The Other Woman


After discovering that Mark (Game of Thrones’ Nikolaj Coster-Waldau) is actually quite the little shit, his wife and two women that he has been cheating on her with team up for a sister act of revenge. 

Well, I suppose I shot myself in the foot with this one. But, slightly hankering after some social activity within what had been quite a few shitty weeks – not unlike a dog that needs to be taken out for the day – I traipsed out to my local multiplex to meet my gurl-friends.

No doubt to the surprise of many, I am actually able to begin with some good points. Beneath my curtain of bitterness I would actually consider myself a fairly positive old girl, and on this occasion this was due largely to the fact that one of my friends had turned up Maoam Pinballs and Cadbury Chocolate Buttons. We were off to a good start. However, before the screening I was also subjected to the trailer for Walking on Sunshine, and it was during these glorious two minutes that The Other Woman found itself with a fighting chance. Let’s just say that, as I massaged my temples with equal quantities of frustration and disbelief, it seemed that the only way was up.

Aside from the tasty foodstuffs that sat in the drinks holder beside my elbow, another thumbs up goes to Leslie Mann, who plays Mark’s desperate housewife, Kate. I’m fully aware that many find Mann’s shrill, whiny voice simply annoying, but with her unique brand of humour that blends perfect comic timing, relatability and amusingly exaggerated neuroses, I am happy to put my hands up and say that my only laughs were because of her. Meanwhile, Cameron Diaz is up to her usual, irksome tricks whilst pouting in silky white blouses, and don’t even get me started on Kate Upton – who, as The New York Times perfectly phrased it, has been ‘crassly shoehorned into the movie’ (for the slow-motion sequence of her running along the beach in a bikini, no less).
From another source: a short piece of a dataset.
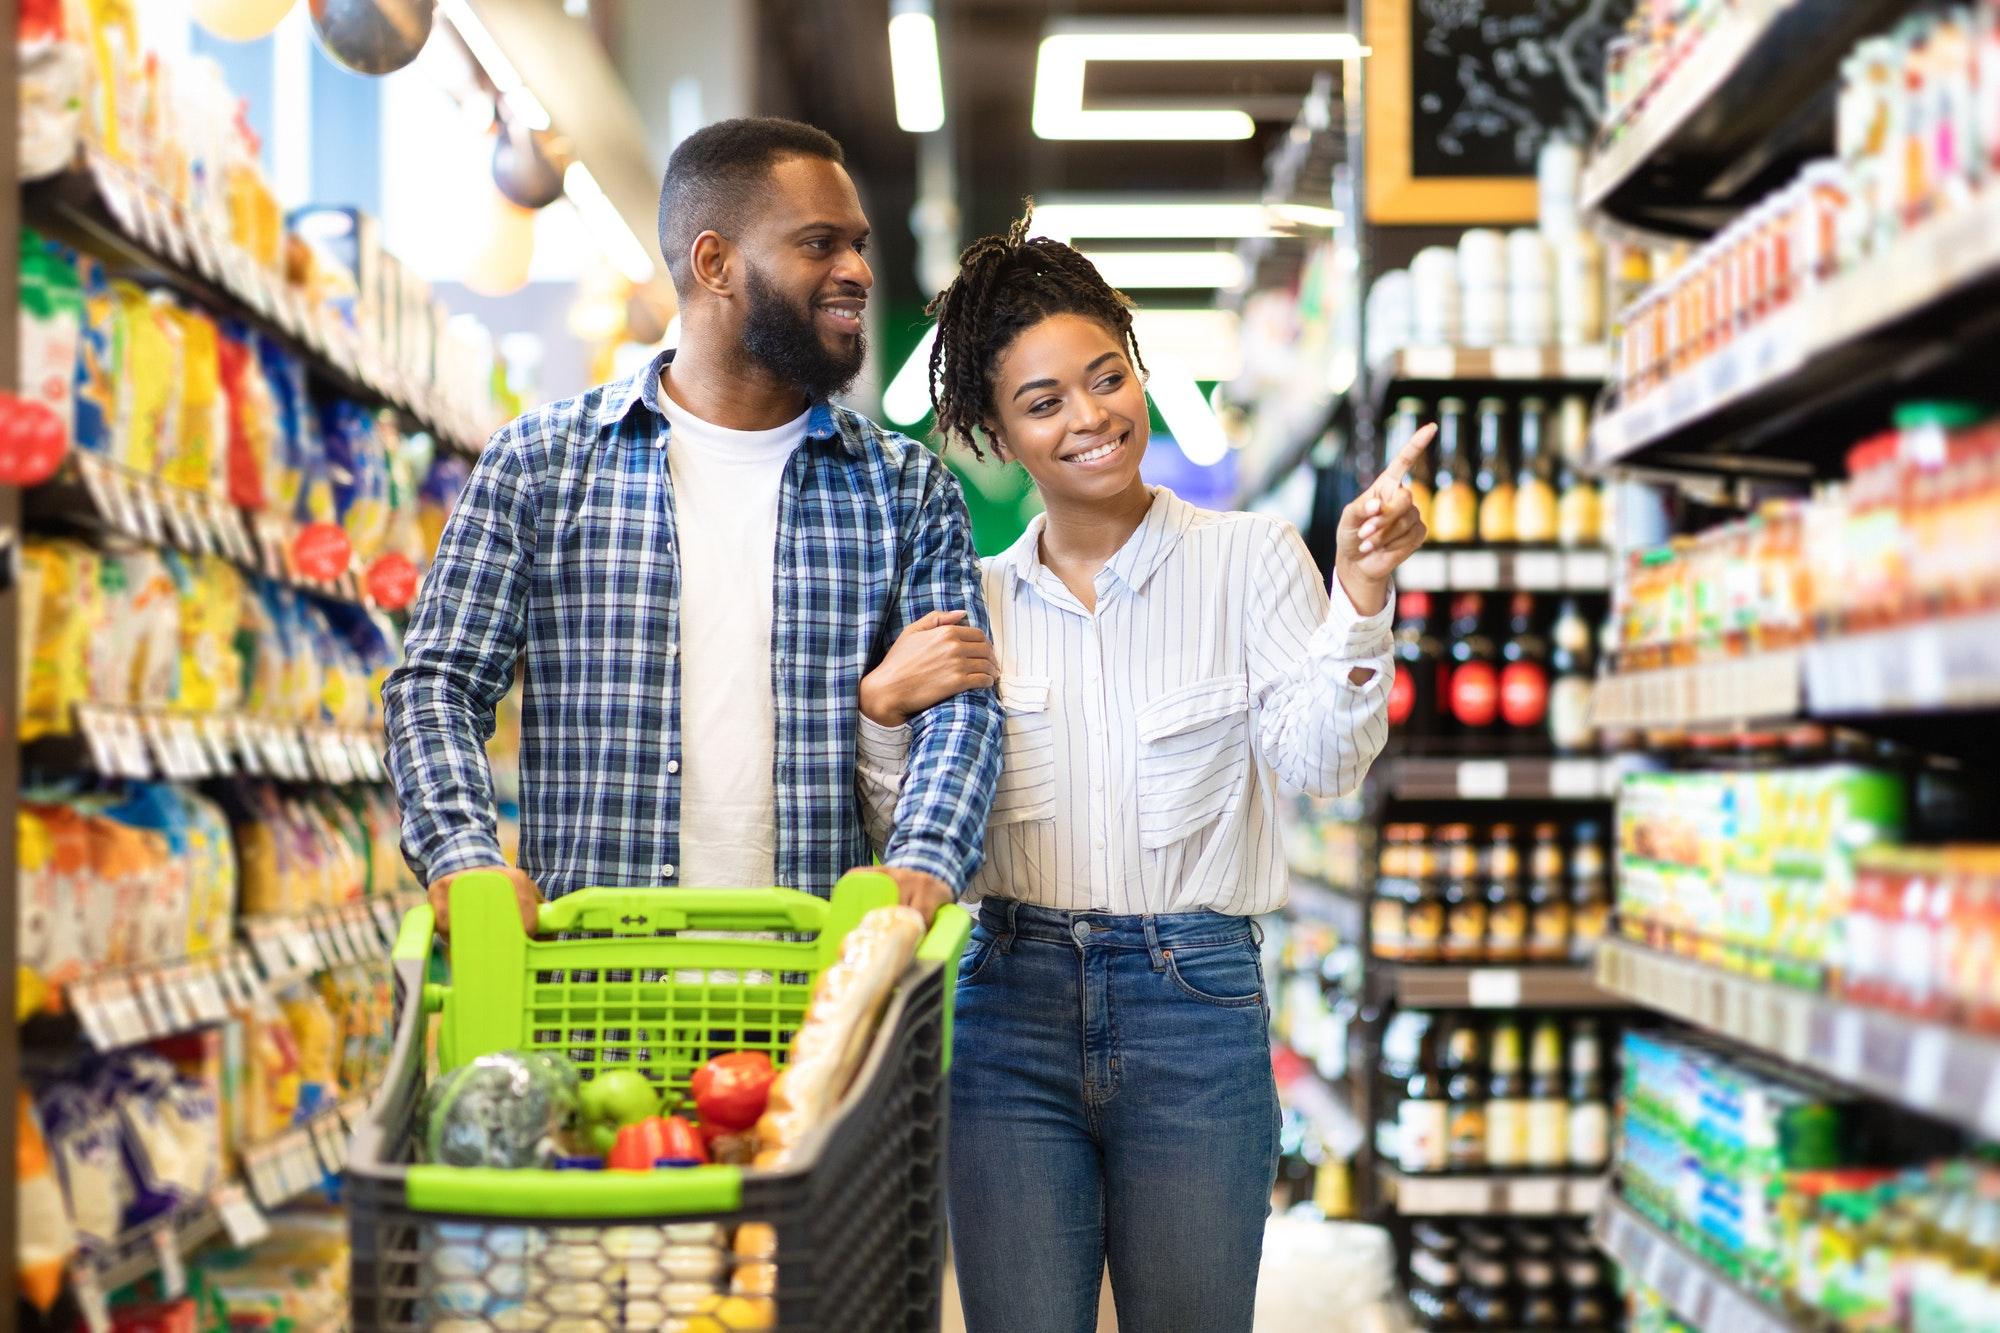 Cheerful Black Spouses Choosing Food In Grocery Store

Yes, there are indeed moments of some comic value, but that’s where the praise ends. Perhaps the biggest downfall of the film is that, despite intending to portray and promote female empowerment, what we’re actually given are three very simplistic stock female characters: the thick-as-pigshit eye candy, the career bitch and the naïve housewife who is a bit of an emotional mess. And as if these types aren’t obvious enough, they’re signaled with trashy white bikinis, black leather pencil skirts and floral 50s-style dresses, respectively.

Many of the film’s other messages are also more than just a little off. We are told that we can’t be too bushy downstairs because men don’t like it. We are told that if you find your husband has been cheating on you, you should put hormones into his morning smoothie so that his nipples go all weird. We are told that if your fella has been unfaithful, it’s really healthy to seek vengeance. What’s the next move for operation emasculation, lady? Are you just going to go ahead and castrate the damn guy? I’ve never been in this situation so I might be wrong, but I really don’t think these are the things should or do take precedence when you find out someone has been doing the dirty.

In failing so badly at empowering women, the film also manages to alienate men – most noticeable by how female-heavy the audience was. As the credits rolled I saw all of five men sheepishly dragging their feet down the gangway, sporting an expression of both utter bemusement and actual trauma; they were all completely silent. The unequal ratio of men to women also meant that every time a male character walked into a glass door or shit their pants (laxative gag alert), a wave of jarringly high-pitched giggles leapt through the darkness and I was left wondering, ‘This is what does it for us? Really?’

The whole thing was then rounded off with a fucking montage, which to add insult to injury was accompanied by a Keyshia Cole and Iggy Azalea rendition of the chick-flick classic, I’m Coming Out. Other hits from the soundtrack include the theme from Mission Impossible, used really ingeniously as the girls turn on stealth mode to investigate Mark’s escapades, Cyndi Lauper’s Girls Just Want to Have Fun, Frank Sinatra’s New York, New York (because we’re in New York, obviously) and Bubble Butt by I don’t even care who. 

And lastly: Nicki Minaj is in it.

All in all, The Other Woman is at times funnier than the average chick-flick, and shamefully I did leave the cinema in a much less rubbish mood, but fundamentally all it manages to be is a combination of cheap laughs, patronising revenge tactics, and a pretty pathetic portrayal of women.